Earlier today the US embassy Beirut sent an email that was nearly a carbon copy of the last few I've got from them. In short it said we're working on this, a few medical cases and children separated from their families and elderly have left on helicopters, we'll know more soon, keep your passport handy. It mentioned that Beirut International Airport "remains closed" - must be related to the cratered runways and huge fuel fires there?

For people like me it's not an easy decision. On the one hand there're the air strikes and the prospect of a prolonged and possibly escalating war. On the other hand there's the prospect of submitting to an evacuation orchestrated by the federal government. Look what happened last time-those people are still in trailers.

There was another two. Those were loud. No way to know what they're hitting. No cable TV here, at this house, meaning no Lebanese Broadcasting Channel, no New TV and certainly, since the Israelis took out their offices, no Al-Manar, the Hizbullah station (which is the best to watch for practicing classical Arabic because there's a lot of sermonizing and no modish sitcoms).

Maybe they're hitting the port again, which is north of here. It wasn't a hit on Dahiyeh, the southern suburbs.

Wow there were three more. "That didn't sound like Dahiyeh," my friend said. Closer. I just texted a friend who lives over the hill to the south - with a TV - to ask what she knew. She just replied, "Dahiyeh."

So those were no closer than the ones last night, it's just that not hearing them for some hours you forget how loud they are. There was another one. If you go to the site above you'll see how hard they've already pounded the area. So what's tonight about?

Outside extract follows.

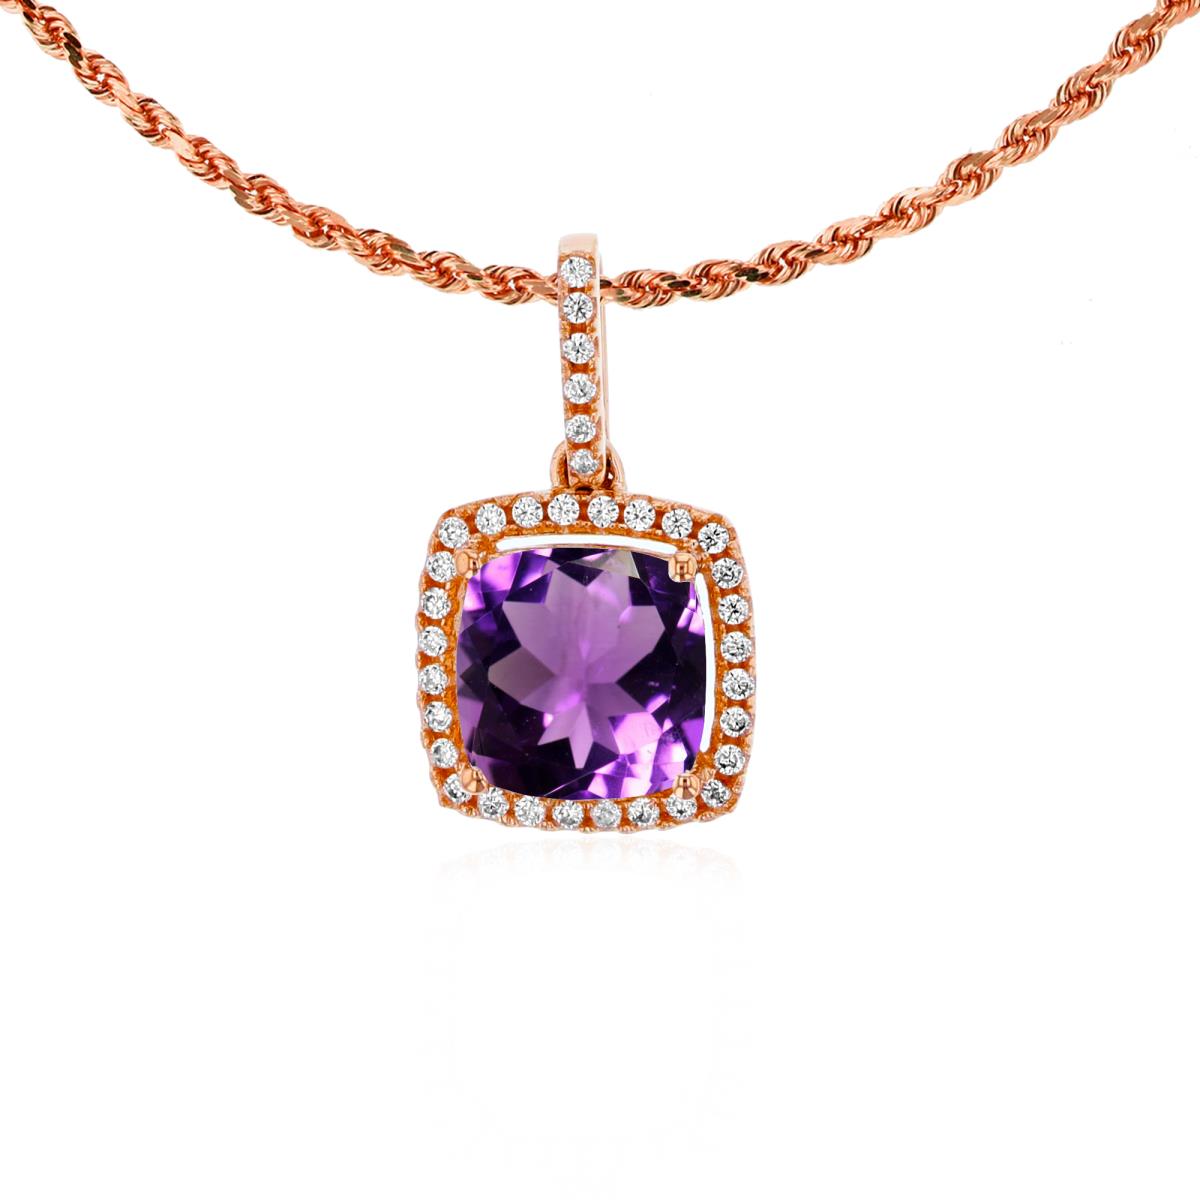 10K Rose Gold 7mm Cushion Amethyst & 0.14 CTTW Rnd Diamond Halo 18" Rope Chain Necklace

From the balcony: clear night. A half moon, perfectly halved, right down the middle. Down the street two bats flying in a tight circle twelve feet off the ground. No cars, no people. A yellow cat walking the sidewalk on the opposite side of the street, nonchalant.

I've seen some pretty freaked out cats the last few days. There are strays everywhere here - soon after I arrived in Beirut at the start of the year I saw an especially sick one on the American University Beirut campus, it had open wounds.

A little girl, a toddler, was tugging on her mom's hand, trying to pet it. Her mom was paying attention to something else and then right when the girl was almost touching the thing - I didn't have time to yell - the mom turned and saw and grabbed her kid so fast.

3:15 a.m. Six big ones just now, and sound of jets - a bad sound, over a country without an operable airport. Dahiyeh. Part of the idea is to kill people. Eye for an eye. Part of the idea, they say, is they're trying to nail an arsenal. And part of the idea, the reason they space them out, and concentrate the attacks at night, is to prevent people from sleeping.

It works. Most people I've talked to are running on four hours a night and less. Some are running on much less and, like one security guard at the paper, are really showing it, drunk with sleep deprivation. I managed to fall back asleep after the 6:30-ish strikes this morning (Monday morning) and catch up a little.

You want to fall asleep just to foil what you know is their plan, to prevent you from sleeping. But falling asleep, as an act of defiance, is hard to pull off.